2008-09-22 16:06:00

by Hans-Peter Jansen

[permalink] [raw]
Subject: Re: [NFS] blocks of zeros (NULLs) in NFS files in kernels >= 2.6.20

Hi Aaron, hi NFS hackers,

Am Donnerstag, 11. September 2008 schrieb Aaron Straus:
> Hi,
> On Sep 11 01:48 PM, Chuck Lever wrote:
> > Were you able to modify your writer to do real fsync system calls? If
> > so, did it help? That would be a useful data point.
> Yes/Yes. Please see the attached tarball sync-test.tar.bz2.
> Inside you'll find the modified writer: writer_sync.py
> That will call fsync on the file descriptor after each write.
> Also I added the strace and wireshark data for the sync and nosync
> cases.
> Note these are all tested with latest linus git:
> d1c6d2e547148c5aa0c0a4ff6aac82f7c6da1d8b
> > Practically speaking this is often not enough for typical
> > applications, so NFS client implementations go to further (non-
> > standard) efforts to behave like a local file system. This is simply
> > a question of whether we can address this while not creating
> > performance or correctness issues for other common use cases.
> Yep, I agree. I'm not saying what we do now is "wrong" per the RFC
> (writing the file out of order). It's just different from what we've
> done in the past (and somewhat unexpected).
> I'm still hoping there is a simple fix... but maybe not... :(

For what is worth, this behavior is visible in bog standard writing/reading
files, (log files in my case, via the python logging package). It obviously
deviates from local filesystem behavior, and former state of the linux
nfs-client. Should we add patches to less, tail, and all other instruments
for watching/analysing log files (just to pick the tip of the ice rock) in
order to throw away runs of zeros, when reading from nfs mounted files?
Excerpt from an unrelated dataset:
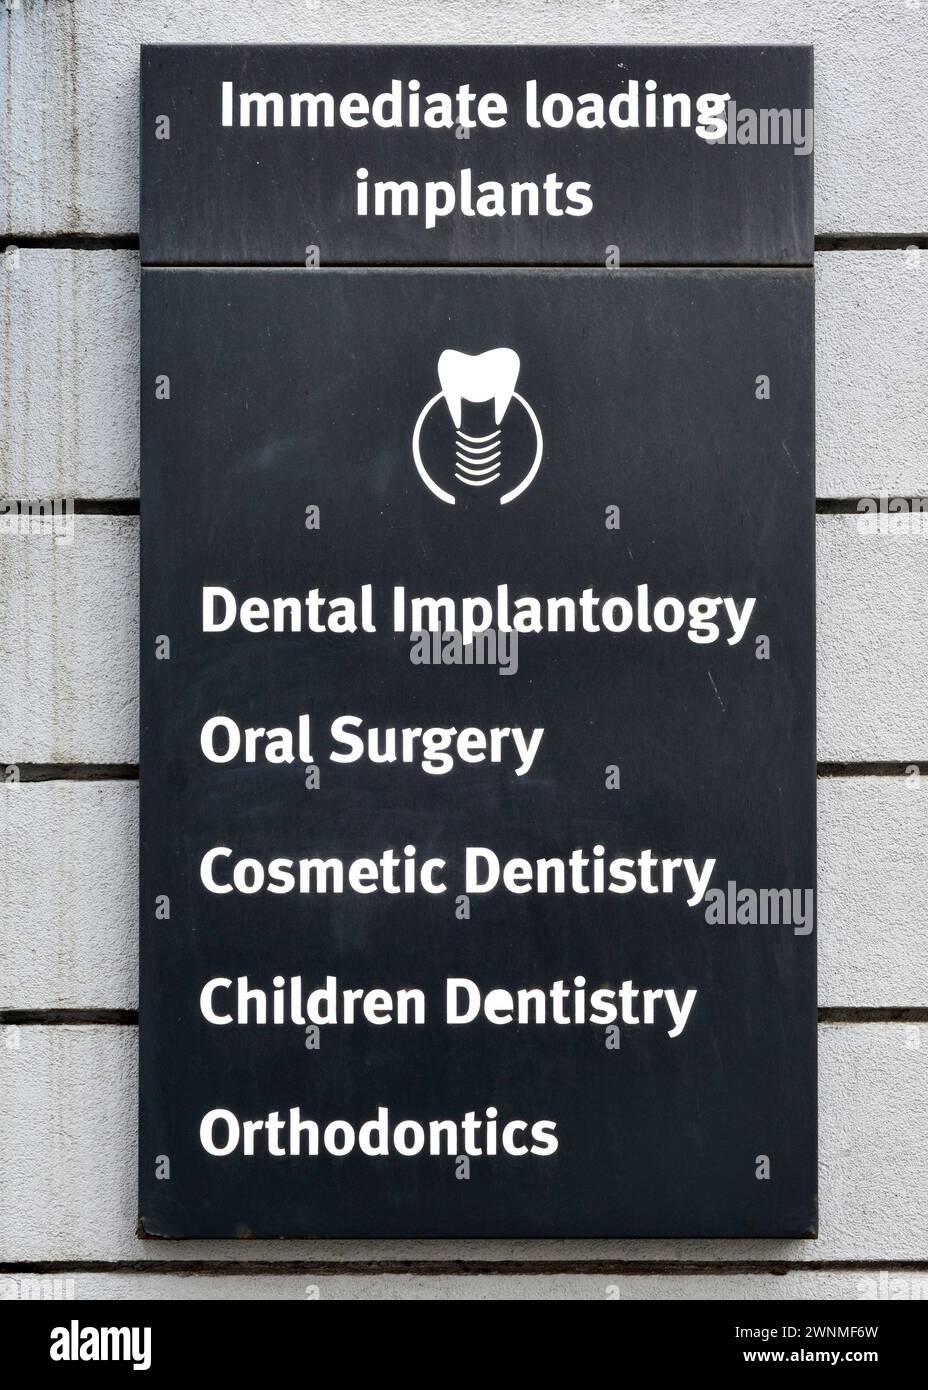 Immediate loading implants, dental implantology, oral surgery, cosmetic dentistry, children dentistry, orthodontics sign at dental services practice Stock Photo
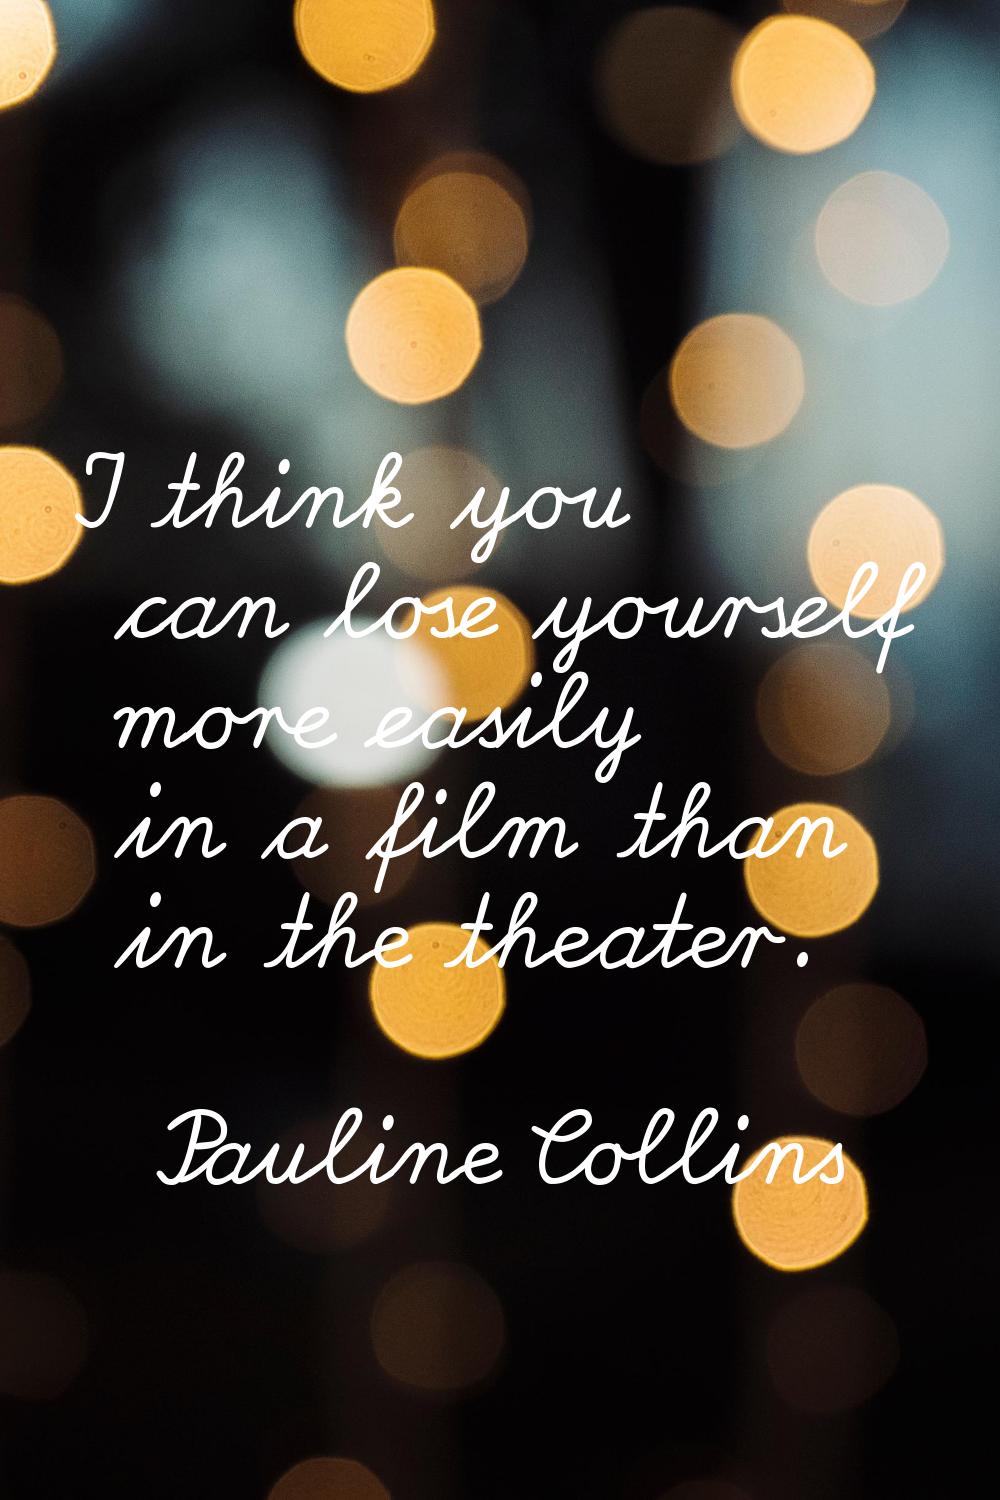 I think you can lose yourself more easily in a film than in the theater.

Or
should we ask their maintainers to add locking code for the nfs "read
files, which are written at the same time" case, just to work around
__some__ of the consequences of this bug? Imagine, how ugly this is going
to look!

The whole issue is what I call a major regression, thus I strongly ask for a
reply from Trond on this matter.

I even vote for sending a revert request for this hunk to the stable team,
where it is applicable, after Trond sorted it out (for 2.6.27?).

Thanks, Aaron and Chuck for the detailed analysis - it demystified a wired
behavior, I observed here. When you're in a process to get real work done
in a fixed timeline, such things could make you mad..